On the basis of the foregoing jury verdict the trial court rendered judgment that appellant take nothing, hence this appeal. Many of the answers are in irreconcilable conflict.
Appellant brings forward five points of error. By Point 1 she complains of the action of the trial court in instructing the ■ jury that the term “willfully and with the intent to induce” to mean “voluntarily and intentionally for the purpose of influencing or persuading” because said definition failed to include the element of wrongdoing or deceit as distinguished from good faith. In the court’s charge, he had asked the jury in several issues whether or not Dr. Roosth made the answers to the questions asked by the examining doctors prior to the issuance of the policies if he had done ■so “willfully and with intent to induce” the Insurance Company to issue the policies. On the face of the record this would hardily seem to present error, but in view ■of the different rulings relative to the avoidance of life insurance policies, it ■seems that the court erred in his definition. After the jury had started deliberating on the verdict, they asked the court for a definition of “willfully and with the intent to induce,” or a dictionary. At which time they notified the court that they “prefer an interpretation.” In reply to this request the trial judge gave the jury the following instructions: “The term ‘willfully and with intent to induce’ means ‘voluntarily and in-' tentionally for the purpose of influencing or persuading.’ ” Appellant preserved her objections to such instructions.
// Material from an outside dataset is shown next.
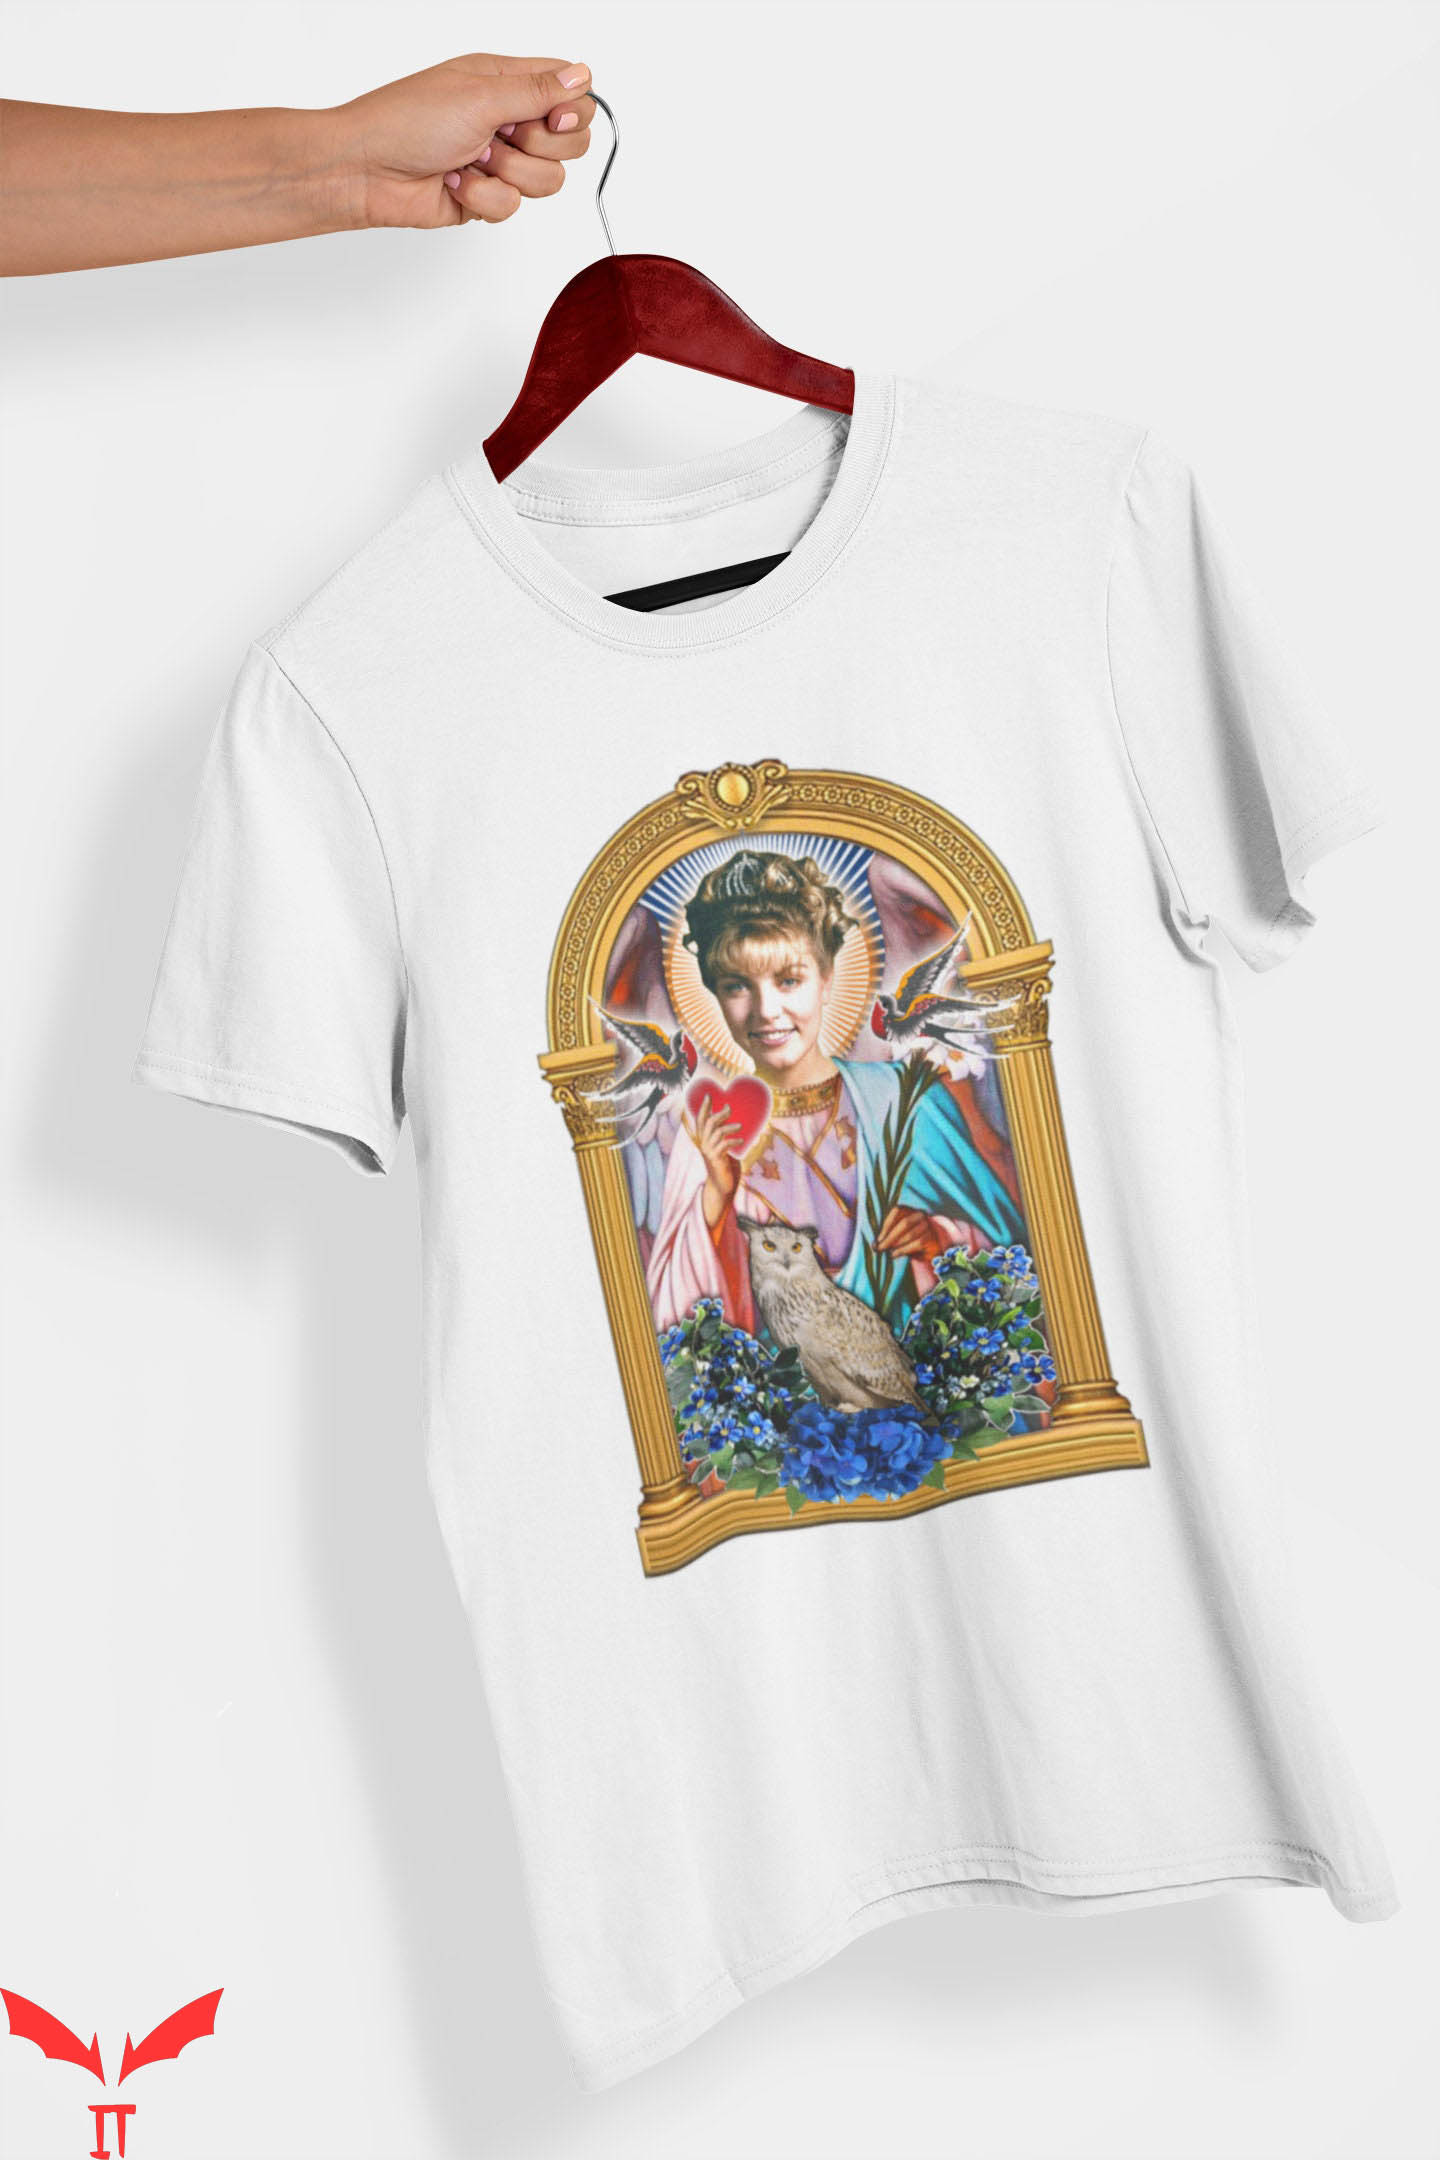 Who Drink Arnold Palmer T-Shirt Saint Laura Palmer Shirt

It cannot be said that the issue of good faith, or the conscious intent to deceive, was not an issue for the jury. The evidence in the case was somewhat in conflict but there is no challenge of the sufficiency of the evidence to support the jury’s findings. As to the examinations that Dr. Roosth received at the Massachusetts Memorial Hospitals it can hardly be said that he submitted himself to them for hospitalization and treatment. In 1950, Dr. Roosth carried a brother, Bennie Roosth, who was gravely ill and underwent a most serious operation about which Dr. Roosth, his doctor, was greatly concerned. Dr. Roosth accompanied Bennie to the Massachusetts Memorial Hospitals in 1950 and while there he requested an examination relative to his heart condition. Upon the examination, at a time when he had the tremendous strain and responsibility of caring for his brother, it was found that his blood pressure was high. But he returned to the same people with his brother Bennie for subsequent check-ups in 1951, and again in 1953, and on each occasion his blood pressure was found to be normal. He often stated that he believed himself to be in excellent health or that his health was fine.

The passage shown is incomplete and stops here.